I gulped. The Vermont border. After we crossed, it was only another hour or so until our destination.
Paddy checked his watch, a subtle reminder that we were due in Easton by noon, and it was already edging past eleven.
Aside from a slight tightening of his mouth, Murphy ignored him and switched lanes to position us for the exit. Paddy sighed and slouched further into his seat.
He’d spent the past three hours in rapt observation of the New England scenery. Not that he’d gotten much from the highway. It must have been sufficiently different from Ireland to interest him because he’d seemed mesmerized. He’d slurped Dunkin’ Donuts coffee and cursed when powdered sugar from his jelly doughnut had sprinkled across his black dress pants but, aside from that, had kept mostly quiet.
Murphy had concentrated on driving—probably in an effort to keep my agitation at a minimum. I’d sat in the backseat and munched glazed doughnut holes and sipped French vanilla-flavored coffee. My head hurt—a stress headache combined with the knock on the head I’d received nearly a week ago. Today was Tuesday. Tomorrow would make one week since I’d woken in Grandmother Emma’s root cellar chained to a metal morgue gurney, with Bethany Dillon chained to her own gurney a feet away.
Bethany.
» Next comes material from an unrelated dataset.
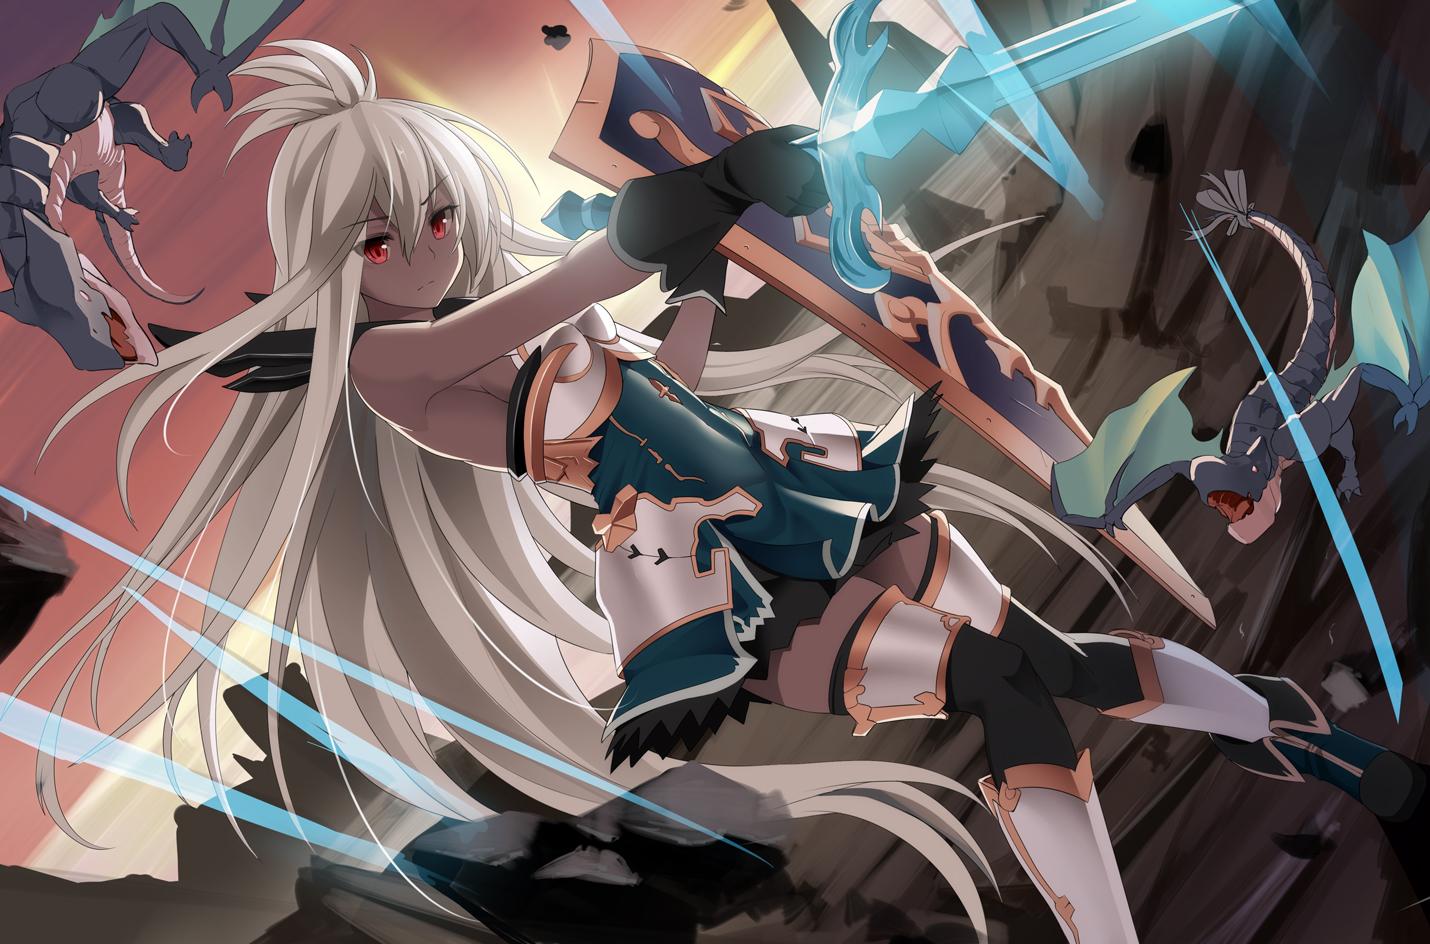 armor blonde_hair boots dark_skin dragon gloves granblue_fantasy hirame_sa long_hair magic red_eyes sideboob sunset sword tagme_(character) thighhighs weapon

Her name swept a rush of guilt and hopelessness through me and I sighed.
“Almost there, honey,” Murphy said from the front seat. He was right. The car was on the off-ramp and, a moment later, we pulled up in front of a low brick building which housed public restrooms and a small vestibule filled with racks of brochures printed by the Vermont State Department of Tourism. The door to the vestibule was chained and bolted shut, but the restrooms were open.
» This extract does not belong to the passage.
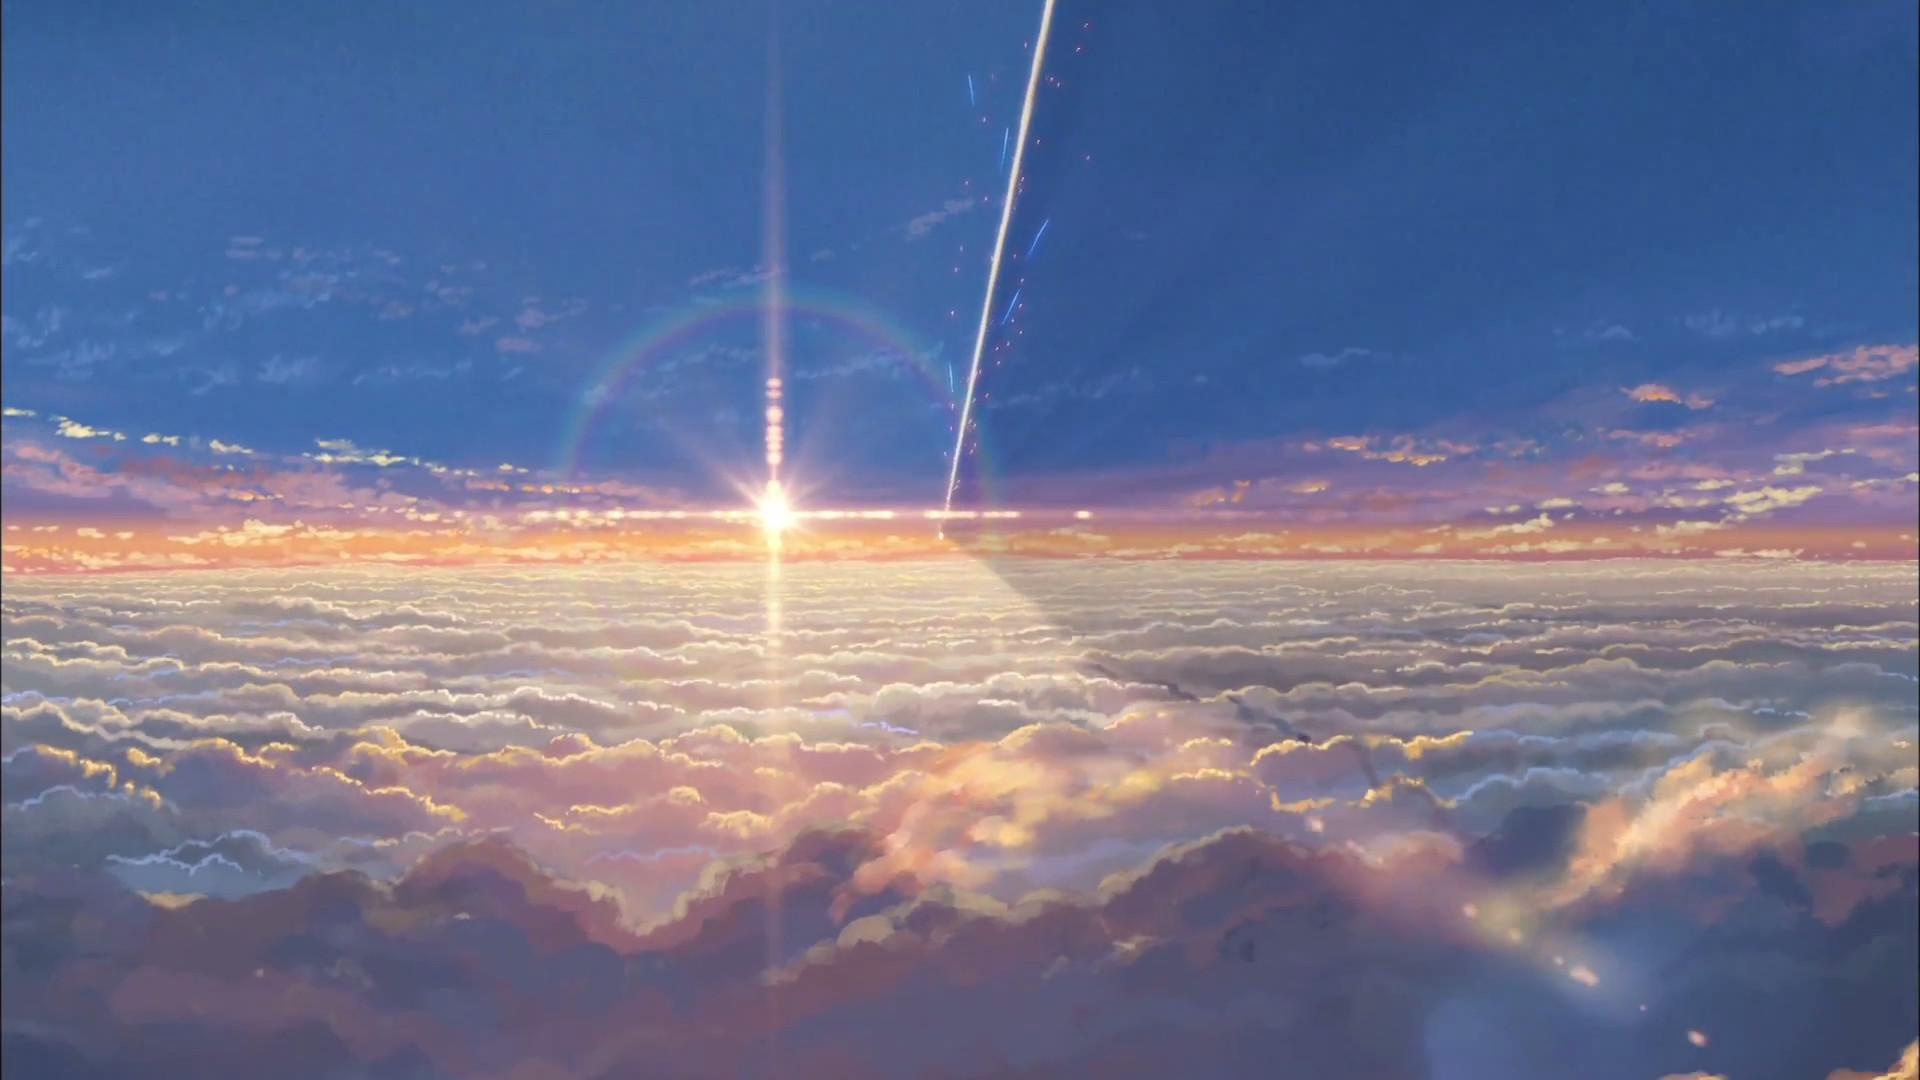 Cloud Sunset Painting Wallpaper

The moment the car stopped, I was out the back door and onto the asphalt pavement. A caressing May breeze lifted the strands of hair around my face and blew away some of the restless tension that twisted my muscles painfully. I couldn’t bear the thought of spending even one second of the precious few minutes we’d linger here in the cramped confines of the ladies’ restroom and instead began to pace so I could feel the wind against my skin.
I was still alive. Alive and free.
Paddy leaned against the car and consulted his cellphone for messages. I’m pretty sure he didn’t expect to find any, but the rest stop’s scenery did not seem to enthrall him as much as the highway’s.
Murphy watched me pace for a moment then, with a resolute shift of his shoulders, he joined me.
He made sure not to touch me—of course he wouldn’t—but he was near enough that I was comforted. I wanted to touch him but I didn’t. My emotions were shredded.
Fear, bottomless and dreadful, whipped through my body and snagged in my brain where it turned my thoughts into a whirling mass of fleeting impressions—the cold of the gurney against my bare skin—the stink of Bethany’s fear and unwashed, infected body. Nate’s laughter in the wood shed as I swung the wrench ineffectually at his head.
Then the tribunal. The relentless damnation of my poor, damaged wolf.
“God, I wish I were anywhere else but here,” I whispered. Murphy gave me a sympathetic smile.
“Not too late to turn the car around and go back to Boston.” He was so close I smelled his cologne, but so far away he might have been on the moon.
I wrapped my arms around myself and walked toward a chain link fence that separated the rest stop from a small stretch of pine trees. The crisp scent of evergreen was pungent in my nose and I drew deep breaths in an attempt to cleanse myself. My head hurt again and, when I touched the sort spot at the base of my skull, I winced.
Murphy waited patiently but, after a moment, Paddy stalked over and assessed the situation.
“She wouldn’t suffer half so much if she had the pack bond to fall back on.” Paddy glared at Murphy as if to accuse him of something. Murphy’s jaw tightened but he didn’t say anything.
“Pack bond?” With reluctance, I turned away from the pine trees. My fingers were hooked in the spaces between the chain links so hard the wire left indentations. My brain was less fuzzy and the awful memories had retreated. For the moment, anyway.